Monday, February 9, 2009

Zodiac



David Fincher is certainly no stranger to crime thrillers: his breakthrough Se7en remains one of the best pieces of neo-noir ever produced. But his return to serial killer dramas, Zodiac, stands as his finest achievement. Based on the real life murder spree of the unknown "Zodiac Killer" in the San Fransisco Bay Area in the late 60s and 70s, Zodiac follows the lives of the detectives and reporters who got caught up in the case that spanned numerous county lines and decades and was never officially solved.

If nothing else, it's a bold film: Fincher opens the film with a string of the Zodiac's murders and then structures the other two hours or so as a police procedural in which a handful of people who become obsessed by the case try to sort out the various clues and cut through the red tape to find the truth: who is the Zodiac Killer? The early murders play out with a horrifying quality, not only because of how Fincher understates their deaths but because we know these people actually died, and for no other reason than they happened to be in the wrong place at the wrong time.

After the Zodiac murders a young woman and seriously injures her boyfriend at the start of the film, he sends in a cryptic letter to the San Fransisco Chronicle, admitting that he shot the two teenagers and promising to kill again if the editors don't print a portion of a cypher he sent to them (he sent the other two parts to other newspapers). Crime reporter Paul Avery (Robert Downey Jr.) gets on the case, and is soon joined by an unlikely aide: cartoonist Robert Graysmith (Jake Gyllenhaal), a man who loves puzzles and obsesses over the killer's cypher.

For over two hours, Graysmith tries to put all the pieces together as all those around him give up; Paul Avery becomes paranoid when the Zodiac announces an intention to kill him, and eventually loses everything to alcoholism before winding up with emphysema. Detective Dave Toschi (Mark Ruffalo) works with Avery and Graysmith but eventually gets buried under the red tape involved with the cross-county investigation. That in particular made the Zodiac so brilliant: by committing crimes all over the place he prevented any one person from figuring it all out.

But Graysmith never gives up; years after the Zodiac stops killing, he tries to consolidate the various pieces of evidence into a book in the hopes that, if all the facts are placed in one location, maybe someone can figure out the identity of the killer. People repeatedly ask if the intrepid, doe-eyed young man is "some kind of Boy Scout or something," to which he chirpily responds "Eagle Scout, First Class!" His dogged determination wins him the grudging respect of many of the detectives who find themselves routinely astonished by the things that Robert digs up.

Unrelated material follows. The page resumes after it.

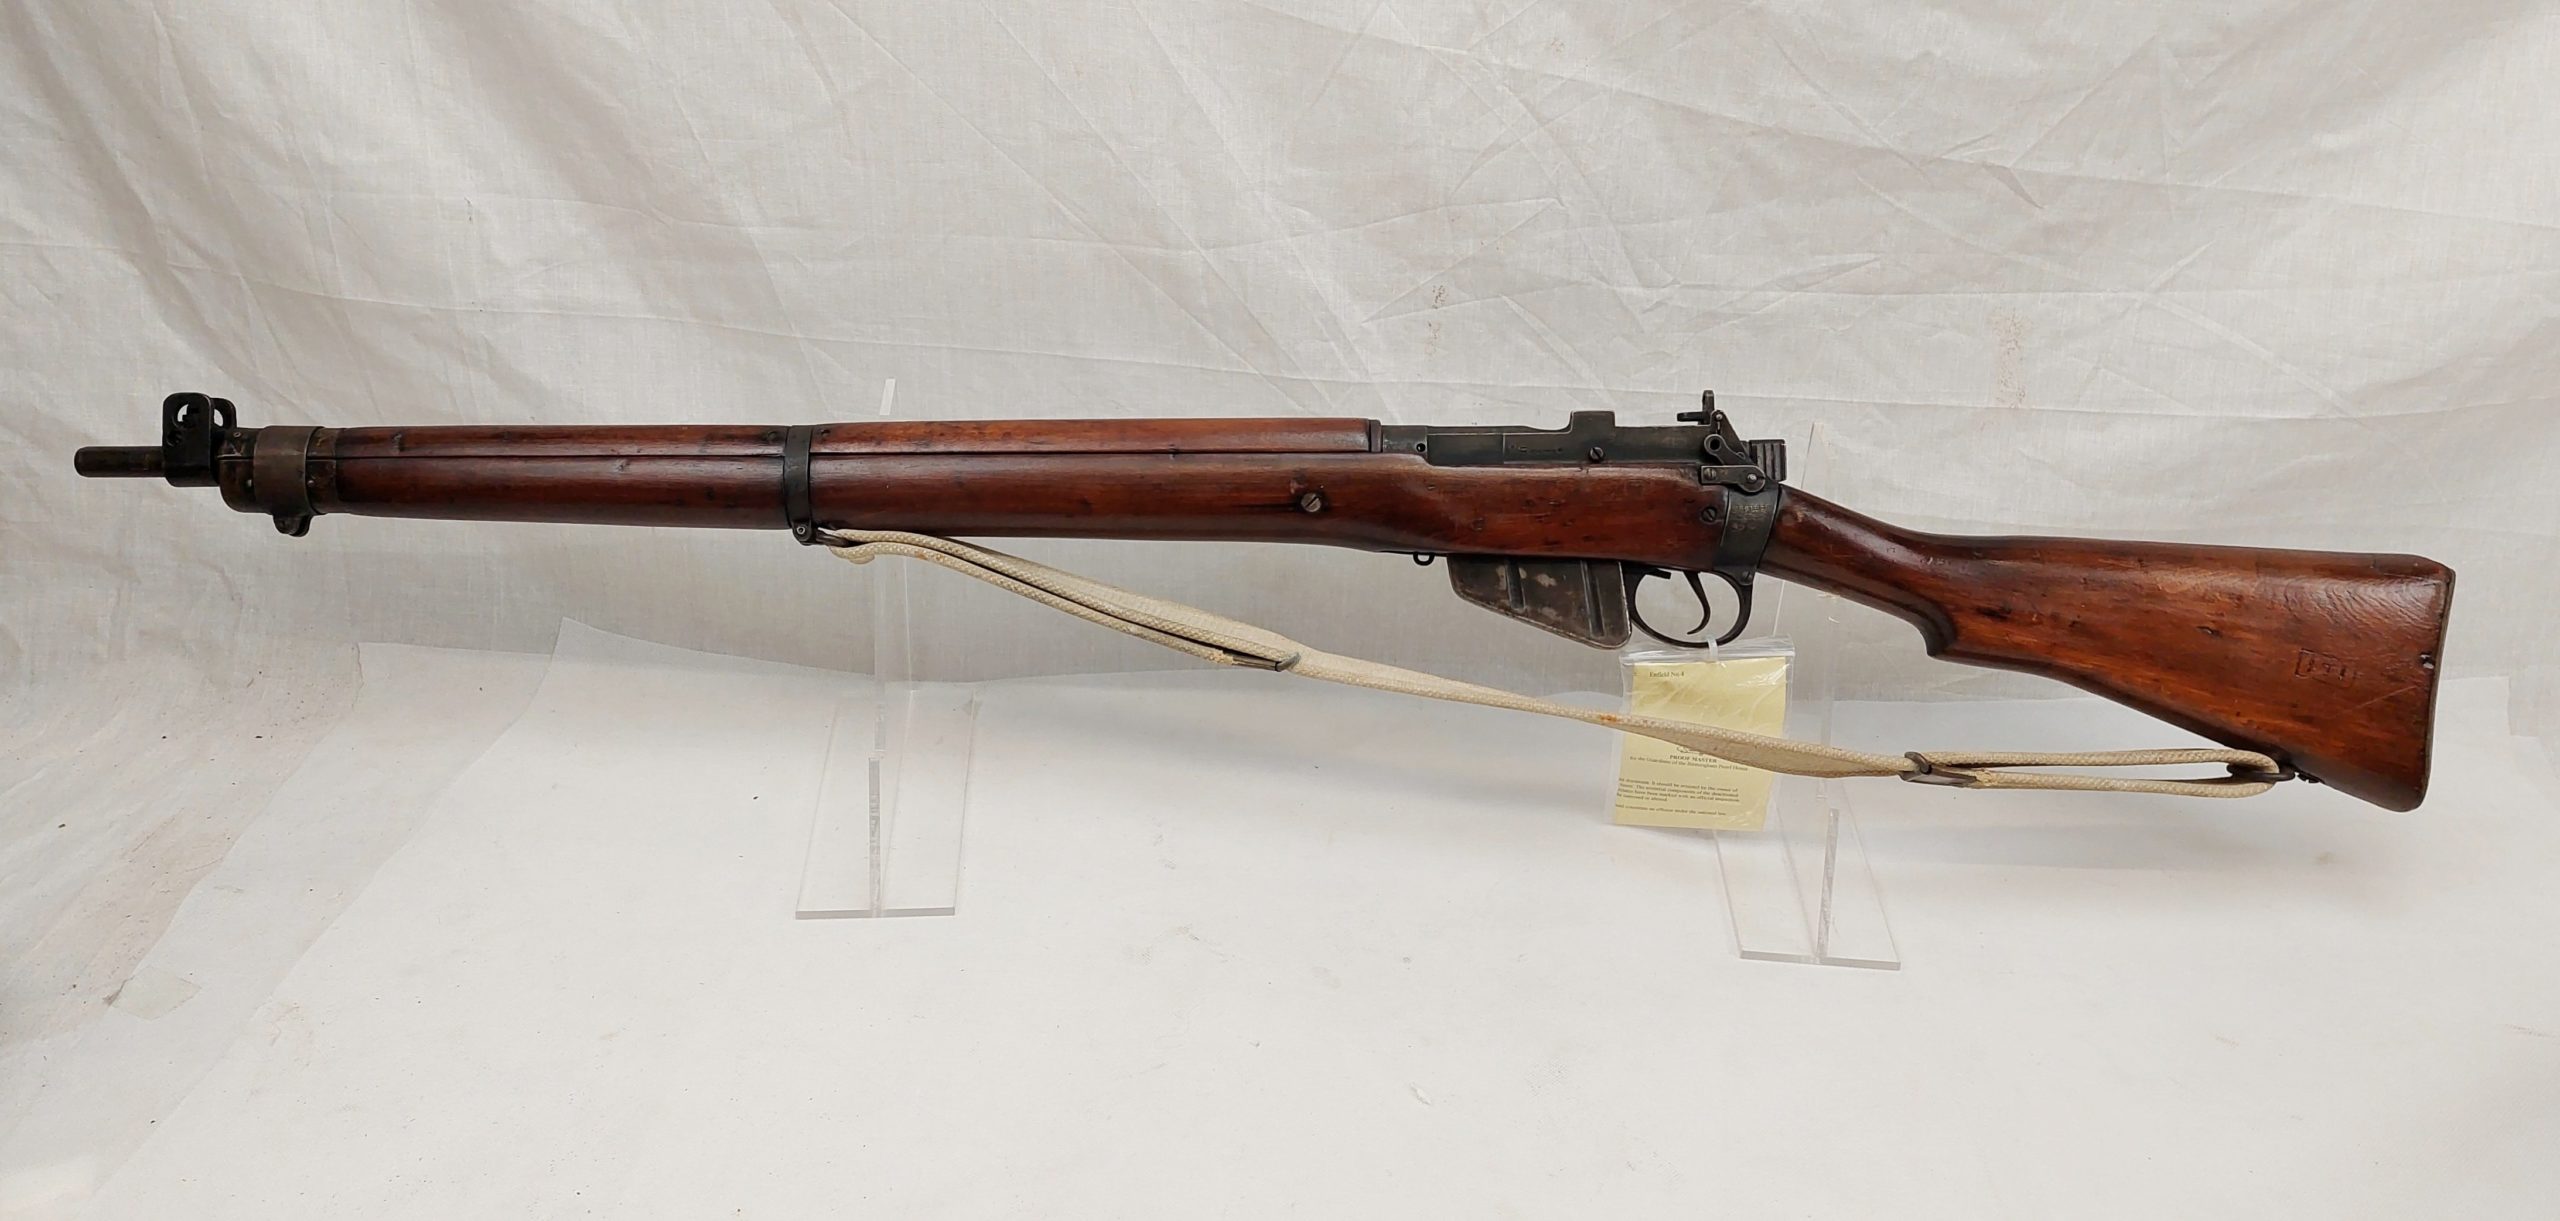 Deactivated Lee-Enfield rifle no4 mk1 British made 1944 dated early spec  SOLD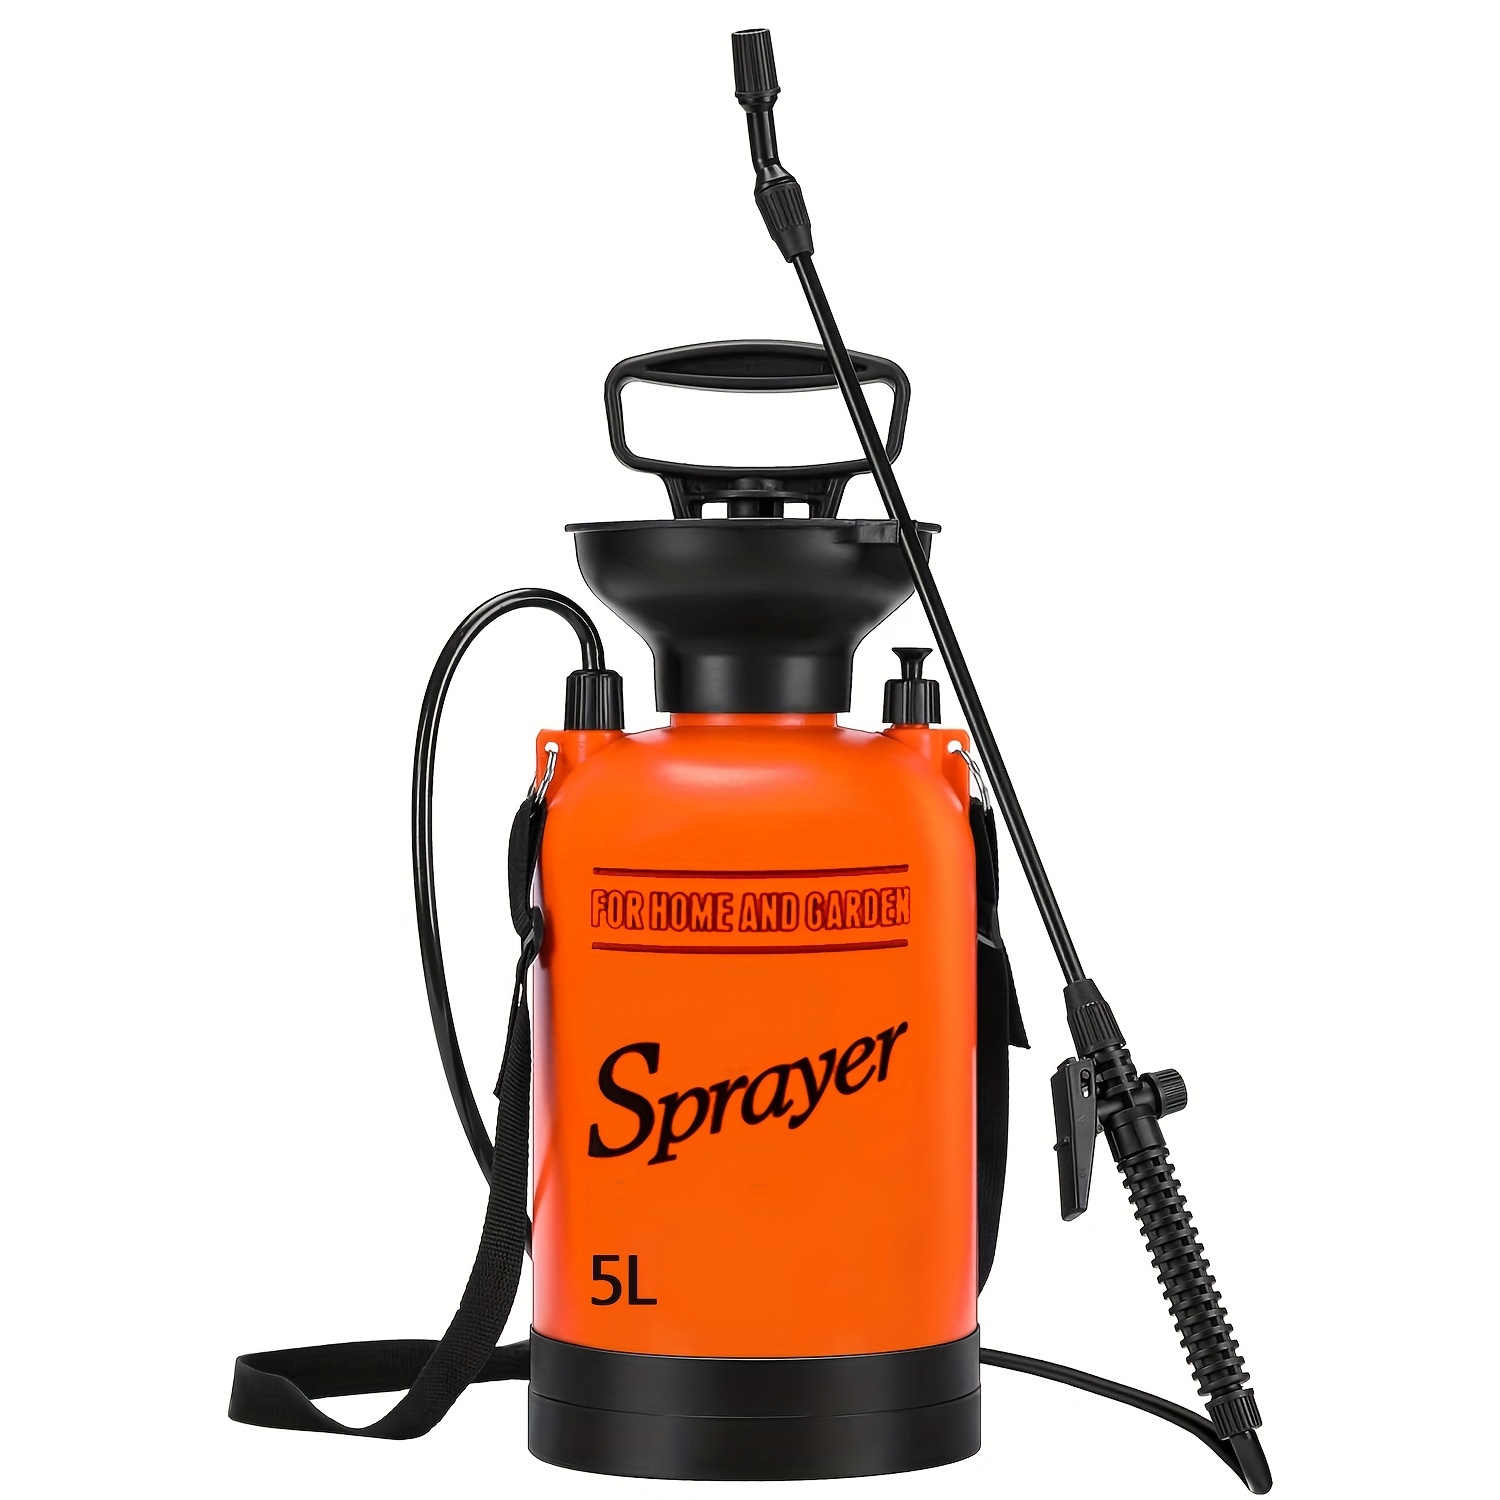 

1 Set, 0.8-2 Gallon/ 5l Pump Pressure Sprayer, Pressurized Lawn & Garden Water Spray Bottle With Adjustable Shoulder Strap, For Spraying Plants, Garden Watering And Household Cleaning

Technically, the film employs Fincher's visual genius, but in a far more understated manner than his usual effects. He uses digital tricks not to add in the expressionist nightmares of Se7en or the fantasy splendor of The Curious Case of Benjamin Button but to cast a dreary gloom over the Bay Area. Fincher never shows us the media phenomenon the murders created, but he captures the mood of a city gripped in fear with its muted colors and dour feel. It works so well that it's a little hard to make out the effects at all

I've heard some people complain that the film fails because it doesn't tell you who the killer was. Some people are just plain stupid: is Fincher really supposed to solve an actual cold case for the purposes of entertainment? Personally, I find the film to be astonishing; Fincher throws a lot of facts and figures at us for 2-1/2 hours and not once did they bore me. At its heart, Zodiac is a police procedural about police procedurals, whose hopelessness and cynicism is tempered by the knowledge that even if crimes go unsolved, a few individuals are willing to do their best to solve them no matter the cost. Fincher has a few modern classics under his belt, but here is his first true masterpiece.

1 comment:

  1. I remember thinking the film was amazing from a purely technical, nuts-and-bolts standpoint. No one does scary serial killers like Fincher. And the scene in the basement is one of the most terrifying experiences I've had watching a film.

    But by the end, I was left feeling a little deflated. What was the point of this two and a half hour mystery? I'm not saying I needed to know who the killer was. But I wonder what the film was trying to do apart from depict these characters not letting go of a case. Is that it? Was that the point? I need something more from my films.

    I prefer Fight Club exactly for this reason. It takes Palahniuk's ideas and conveys them in a powerful and resonant way. Perhaps Fincher, although technically proficient, is somewhat reliant on the quality of the script.

    Again, his new Button film looks beautiful, but I found it somewhat meaningless.